I attended Spark Summit East 2017 last week. This 2 day conference - February 8th and 9th - gathered 1500 Spark enthusiasts in Boston.
While I mostly followed the sessions about Data Engineering, Data Scientists were also able to find Data Science related talks. Here is my take.
One subject that drew a lot of attention is the Structured Streaming. Matei Zaharia introduced it in the opening keynote.
Michael Armbrust then gave a very good demo of this new functionality of the framework on the Databricks platform.
Tathagata Das - a.k.a. TD - then went into further detail, but I have to say I have mixed feelings about this presentation. To start with, while the idea of performing stream processing without having to reason about streaming sounds appealing, I think this is also the best way to get into engineering pitfalls...
Spark's Structured Streaming capability brings a much more powerful way to perform stateful processing. This relies on state stores and resembles what Kafka Streams already offers.
To end his talk, TD showed a comparison of Spark's Structured Streaming capabilities with other frameworks' capabilities. I find this to be very biased...
From my point of view, the main things to remember from Spark Structured Streaming are:
A few talks were about the experience of large companies with Spark Streaming and Kafka. Shriya Arora explained how she worked on a realtime Machine Learning implementation at Netflix.
Snehal Nagmote talked about indexing products in realtime at Walmart. They use a lambda architecture and Snehal gave a few interesting takeaways on using Cassandra with Spark.
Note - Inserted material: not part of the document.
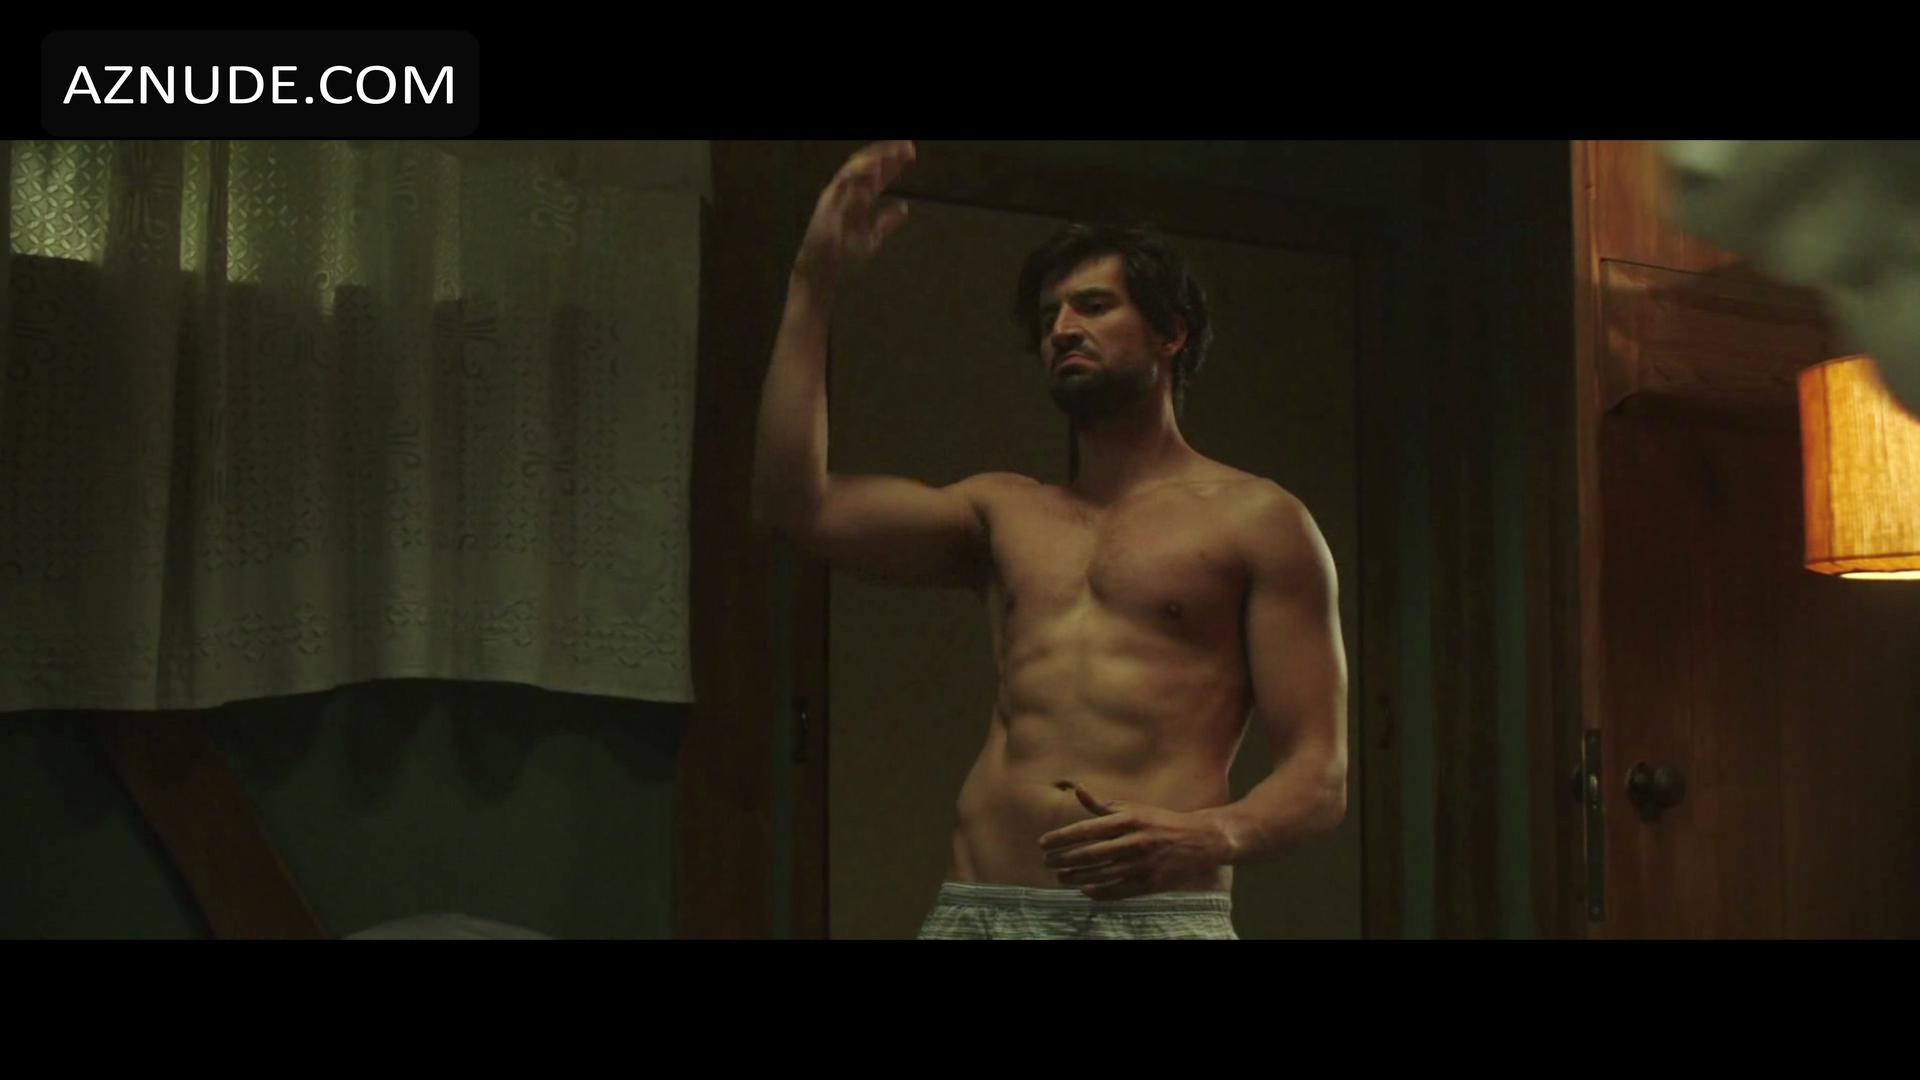 Tom beck nude

Another talk was from Ivy Lu about a realtime pipeline based on Spark and Kafka to process credit card transactions at Capital One (a project in which I proudly took part!).
From these 3 talks, it is very clear that implementing a Spark Streaming application with Kafka poses a number of serious problems (some of which I already covered in a talk). An alternative to using Spark was actually provided by Ewen Cheslack-Postava - from Confluent - in his talk. He suggested to use Kafka Streams as a replacement (give it a try, this is a very good technology).
Choosing the right file format is very important to achieve a good level of performance with Spark. In her talk, Emily Curtin gave a very good presentation of Parquet, how this format stores the data on the disk, and how to use it with Spark.
Jacky Li and Jihong Ma presented Carbondata, an alternative to Parquet that seems to be optimal when you need to read data and need to filter on some values.
Given how Parquet is widespread and well maintained, I would recommend to put your efforts into using Parquet correctly before resorting to using another format such as Carbondata.
Jim Dowling talked about using multi-tenant clusters. He showed how Hops Hadoop provides Hadoop/Spark/Kafka clusters as a service and how users are billed for the resources they use from the shared cluster. This is interesting to see how to let users make responsible usage of cloud resources.
While I am more interested into programming in Scala, I could not miss Holden Karau's talk about debugging PySpark applications. I highly recommend this talk as it gives many useful tips for PySpark users.
Finally, Ion Stoica presented the goal of the RISELab. The RISELab replaces the AMPLab that gave birth to Spark, and will focus on Real-Time Intelligence with Secure Execution. I am convinced some interesting tools will come out of this new lab!
While I only covered the engineering aspects here, it was interesting to see how Spark is used in many industries, from making recommendations of what to watch on TV to very advanced research on genomics.
All the videos have been published on YouTube and can be accessed from the schedule of the talks. I encourage you to check them out.